====== Exercise materials ======

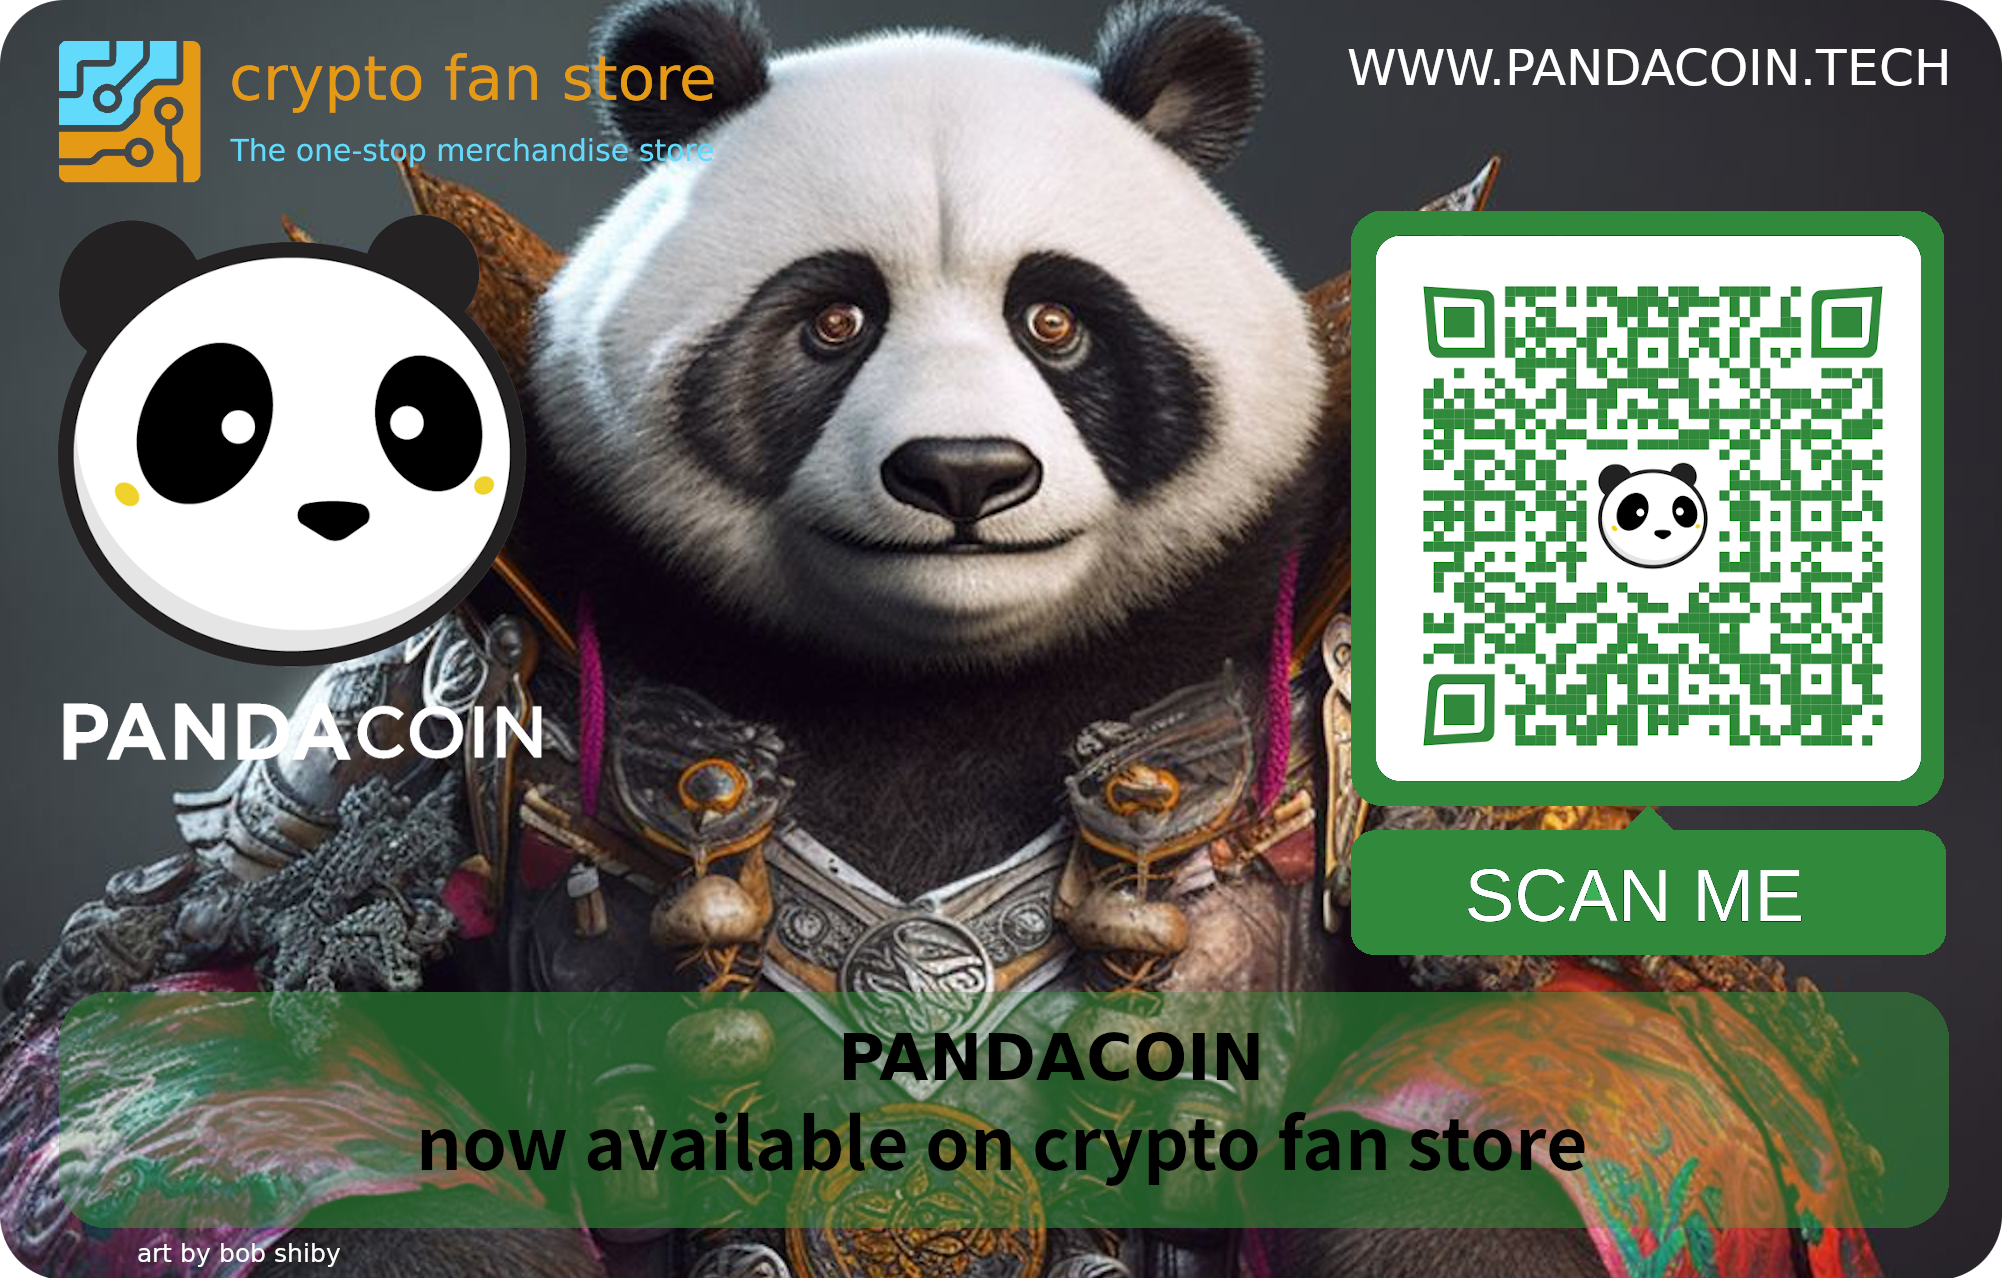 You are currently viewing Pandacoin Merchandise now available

======
====== Exercise materials ======

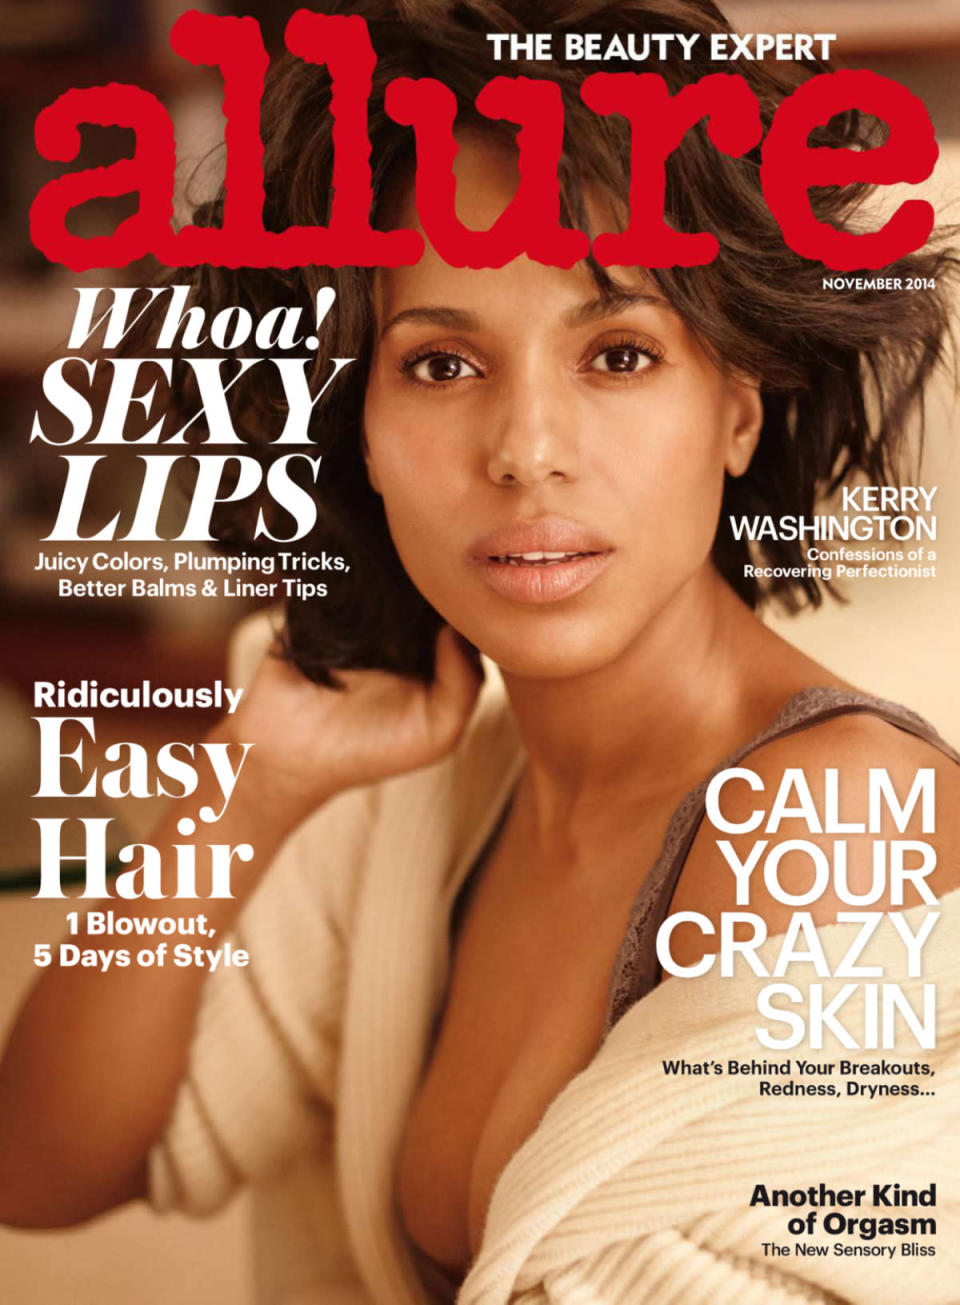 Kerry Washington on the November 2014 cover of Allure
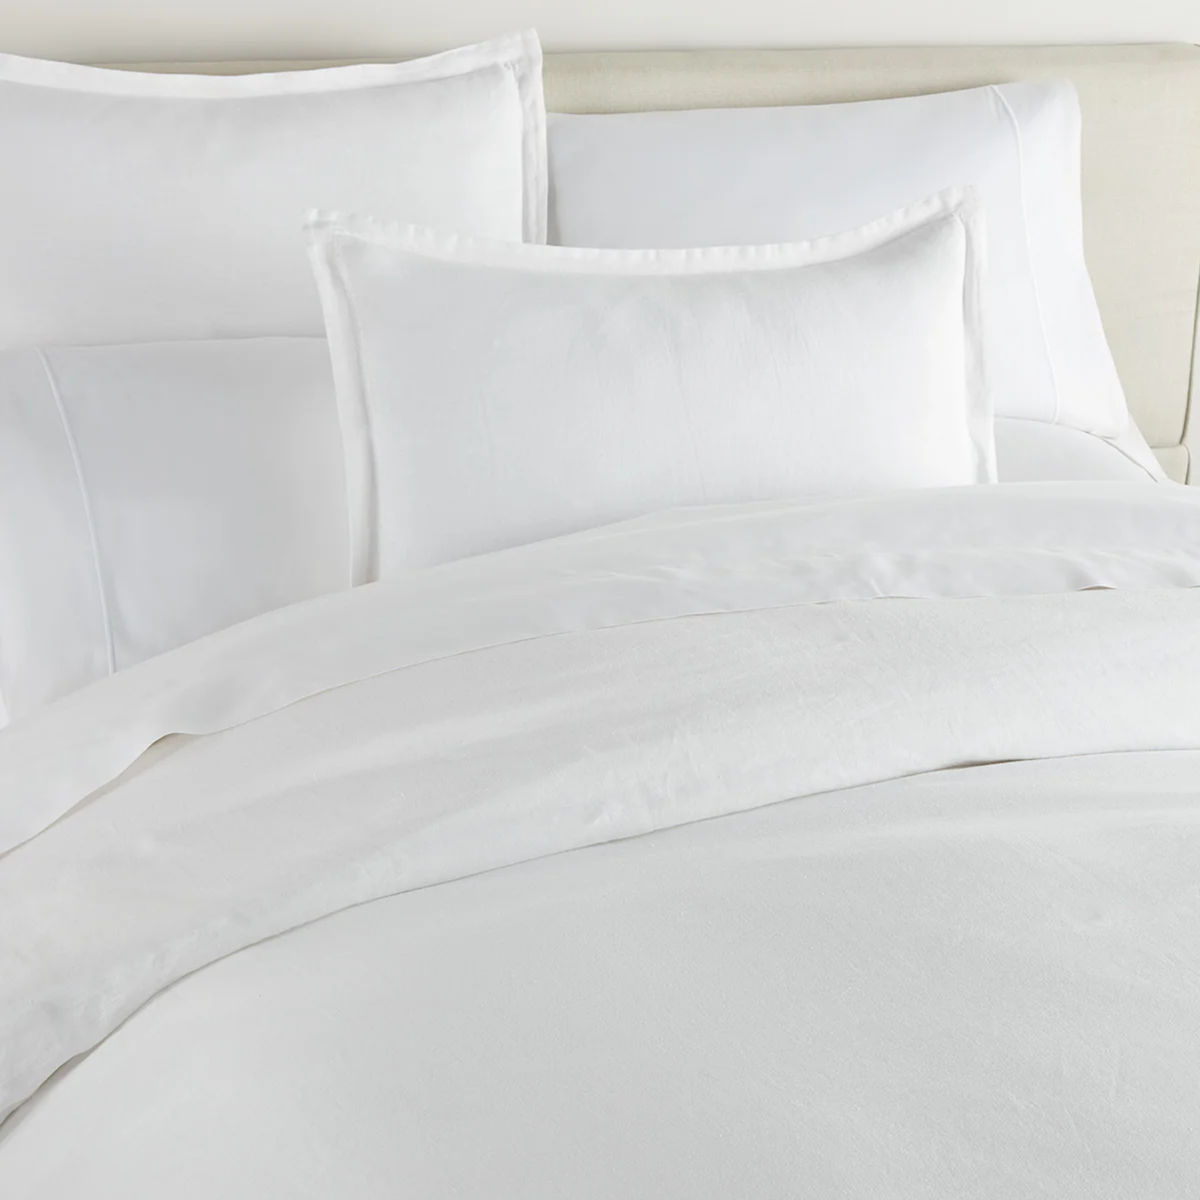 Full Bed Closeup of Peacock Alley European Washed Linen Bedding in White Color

======
====== Exercise materials ======

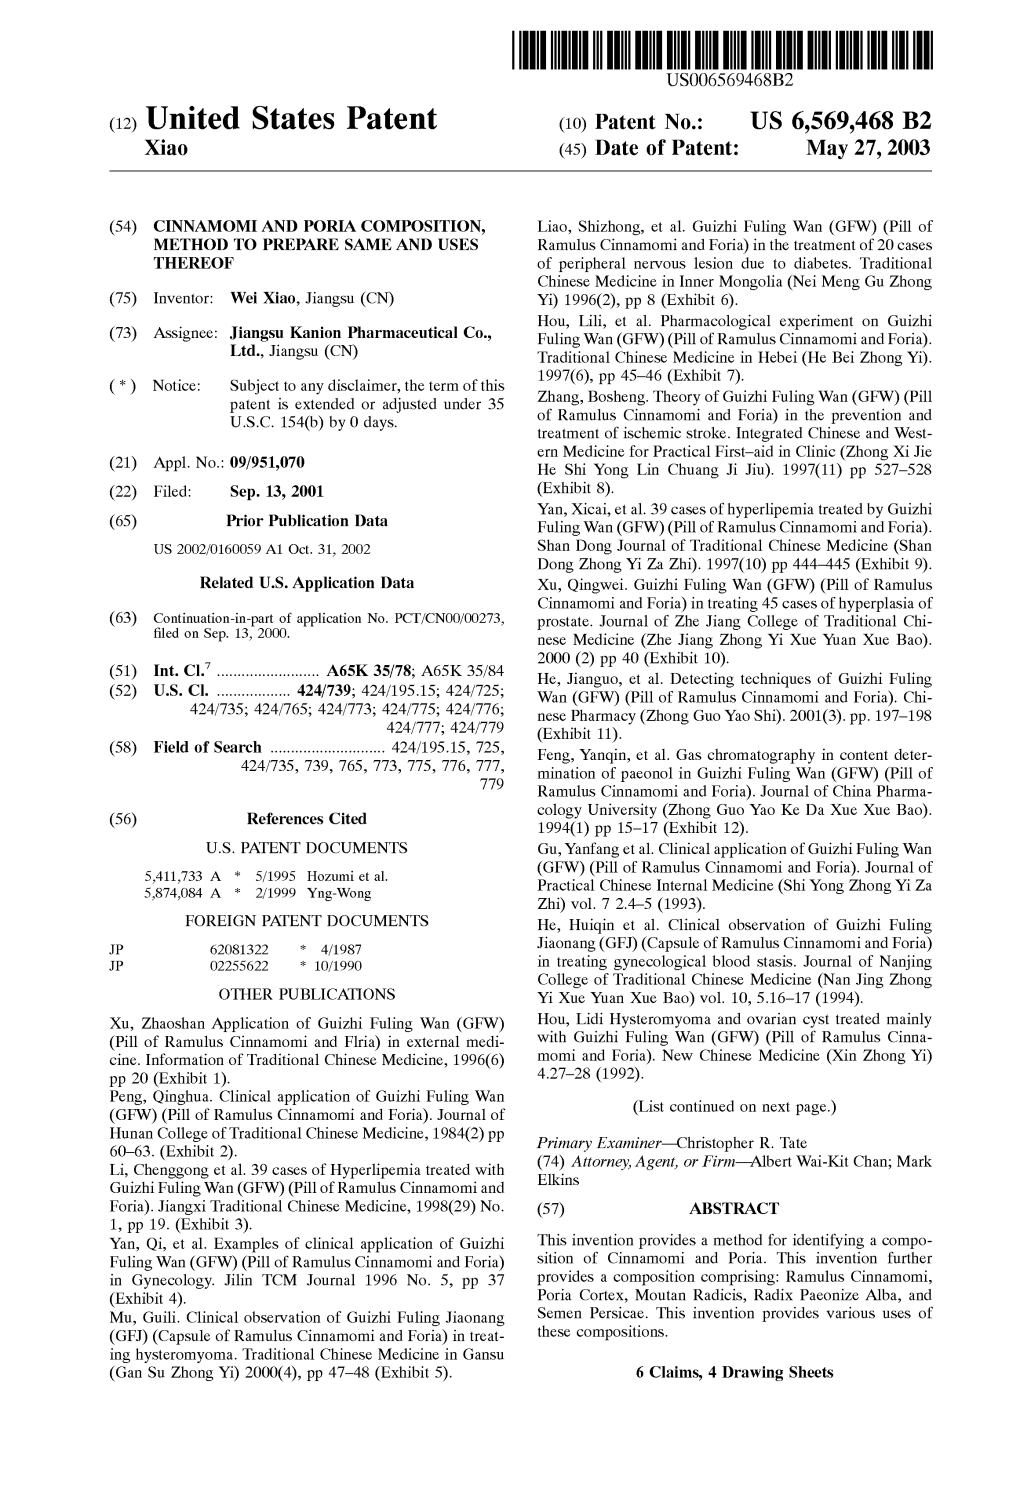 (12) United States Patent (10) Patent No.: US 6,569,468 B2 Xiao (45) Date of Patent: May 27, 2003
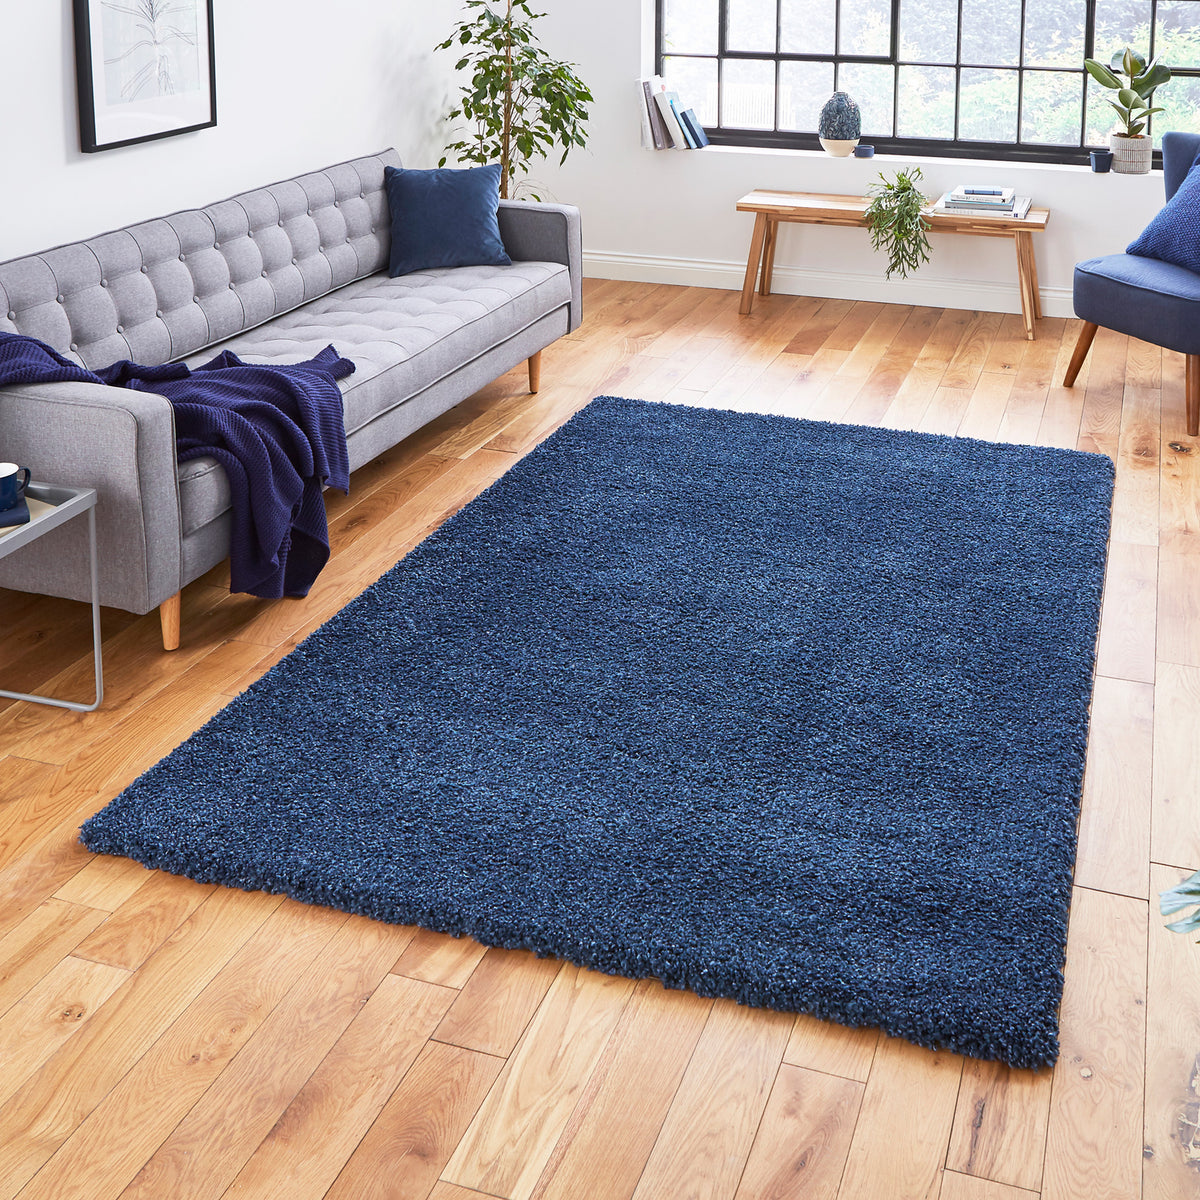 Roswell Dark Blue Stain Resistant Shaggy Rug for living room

======

Exercise prompt
To complete this exercise, transcribe exactly the lines above from the one that holds "Kerry Washington on" through the one that holds "Full Bed Closeup". Pictures stay out.

Answer for this exercise
 Kerry Washington on the November 2014 cover of Allure
 Full Bed Closeup of Peacock Alley European Washed Linen Bedding in White Color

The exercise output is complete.